** DATA BELOW follows **

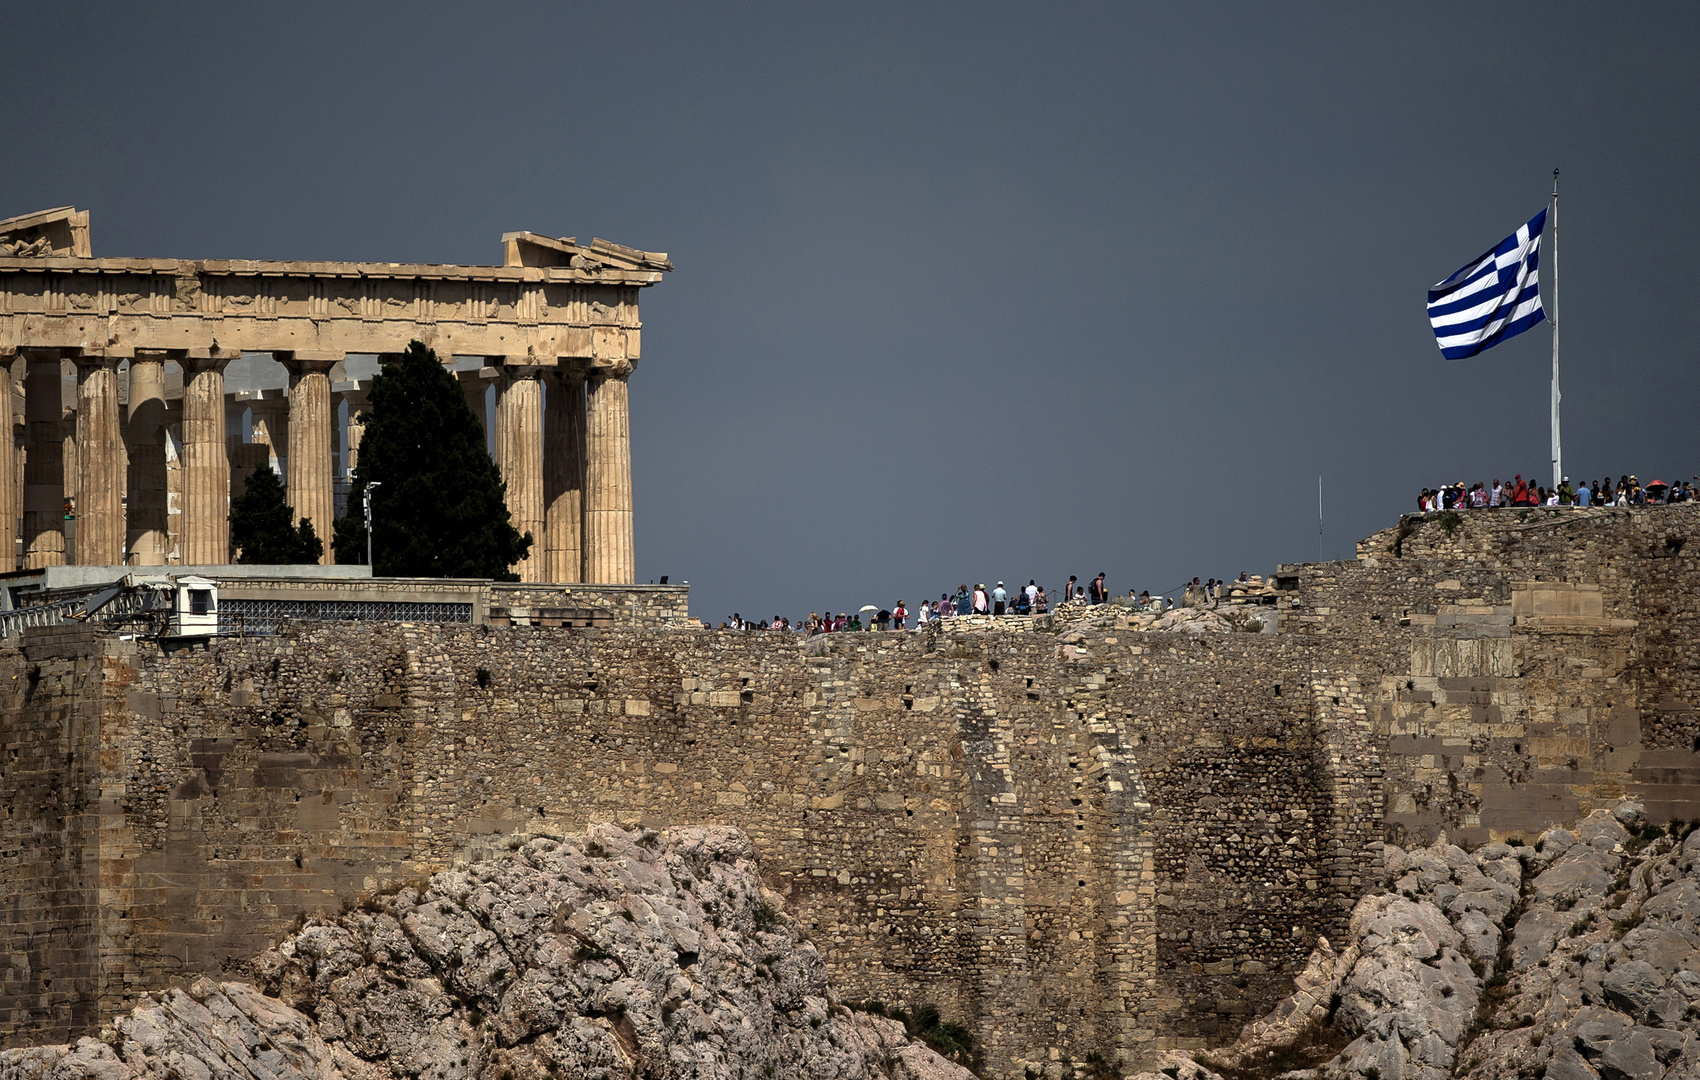 اليونان تدين قرار تركيا تمديد التنقيب في شرق المتوسط وتعلن عن أول رد لها
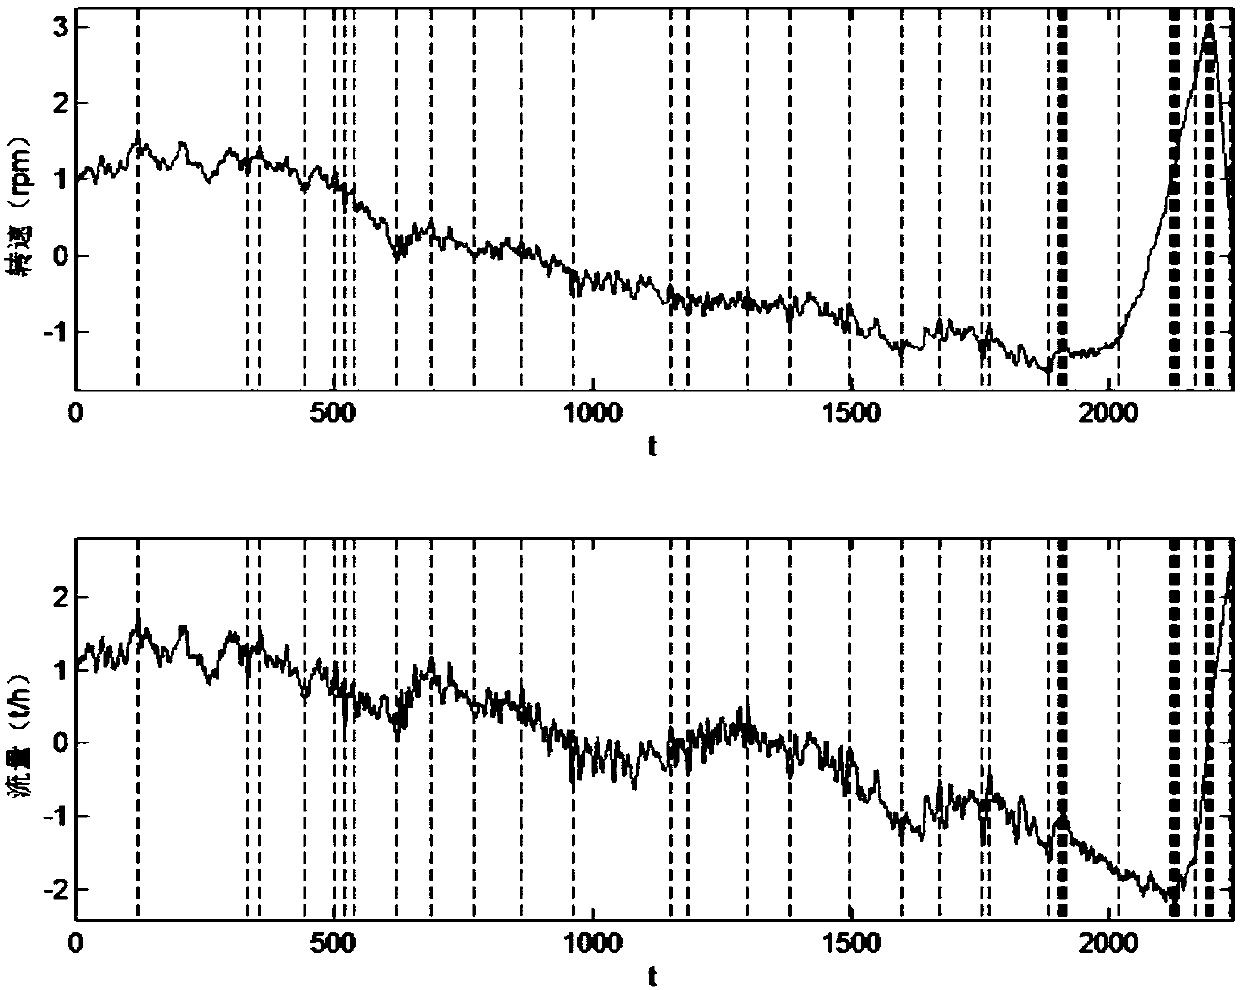 A detection method for abnormal alarm data based on multivariate time series
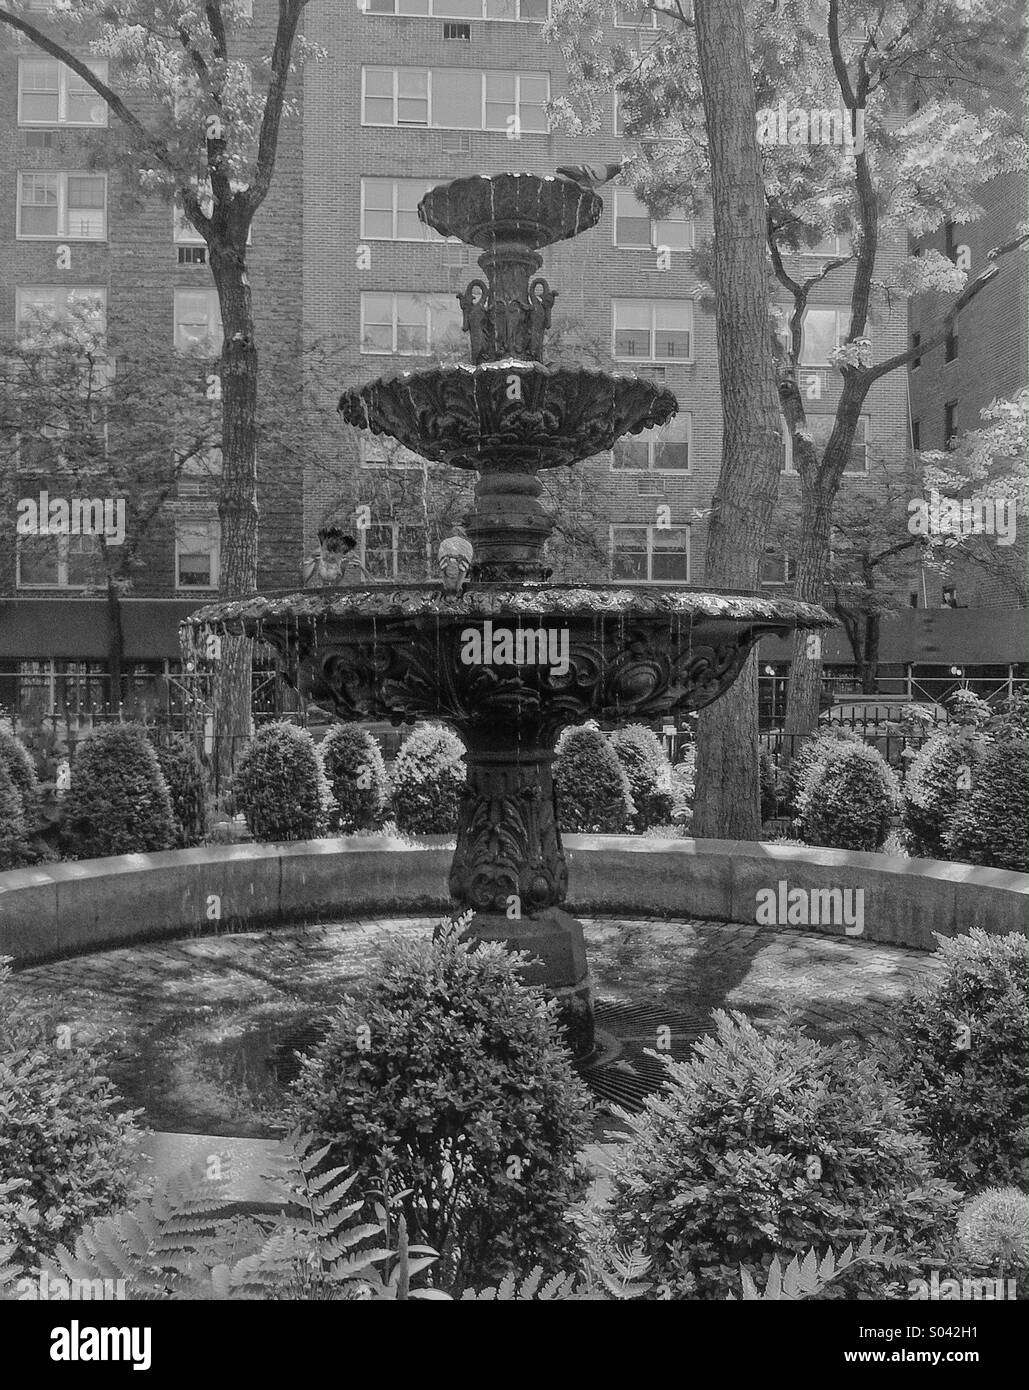 NYC fountain Stock Photo
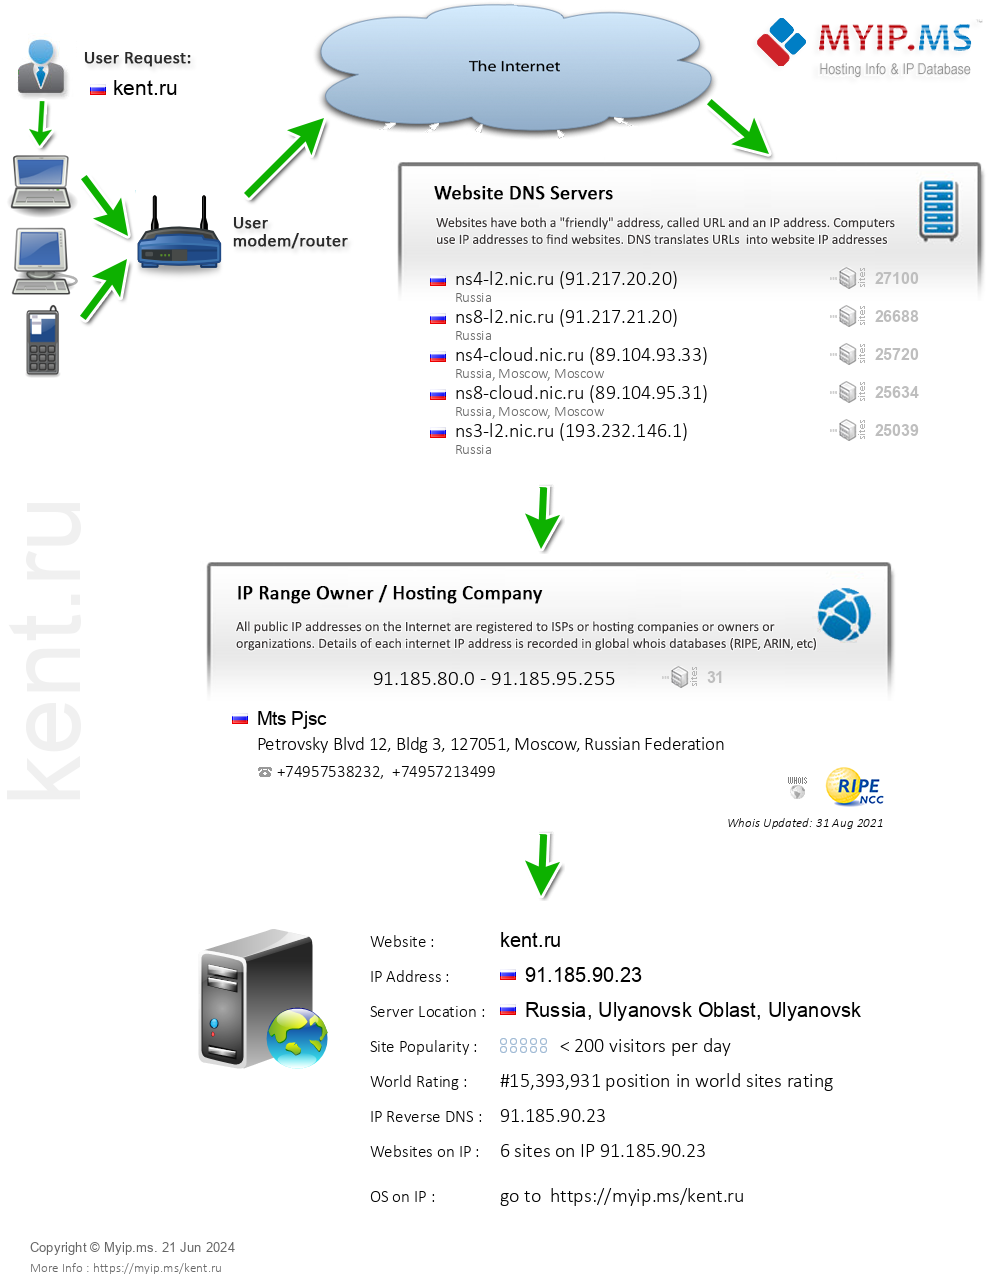 Kent.ru - Website Hosting Visual IP Diagram

** End of DATA BELOW **

ASSIGNMENT |
Copy the preceding data in full and word for word, dropping its pictures.

SOLVED PROBLEM |
 اليونان تدين قرار تركيا تمديد التنقيب في شرق المتوسط وتعلن عن أول رد لها
 A detection method for abnormal alarm data based on multivariate time series
 NYC fountain Stock Photo
 Kent.ru - Website Hosting Visual IP Diagram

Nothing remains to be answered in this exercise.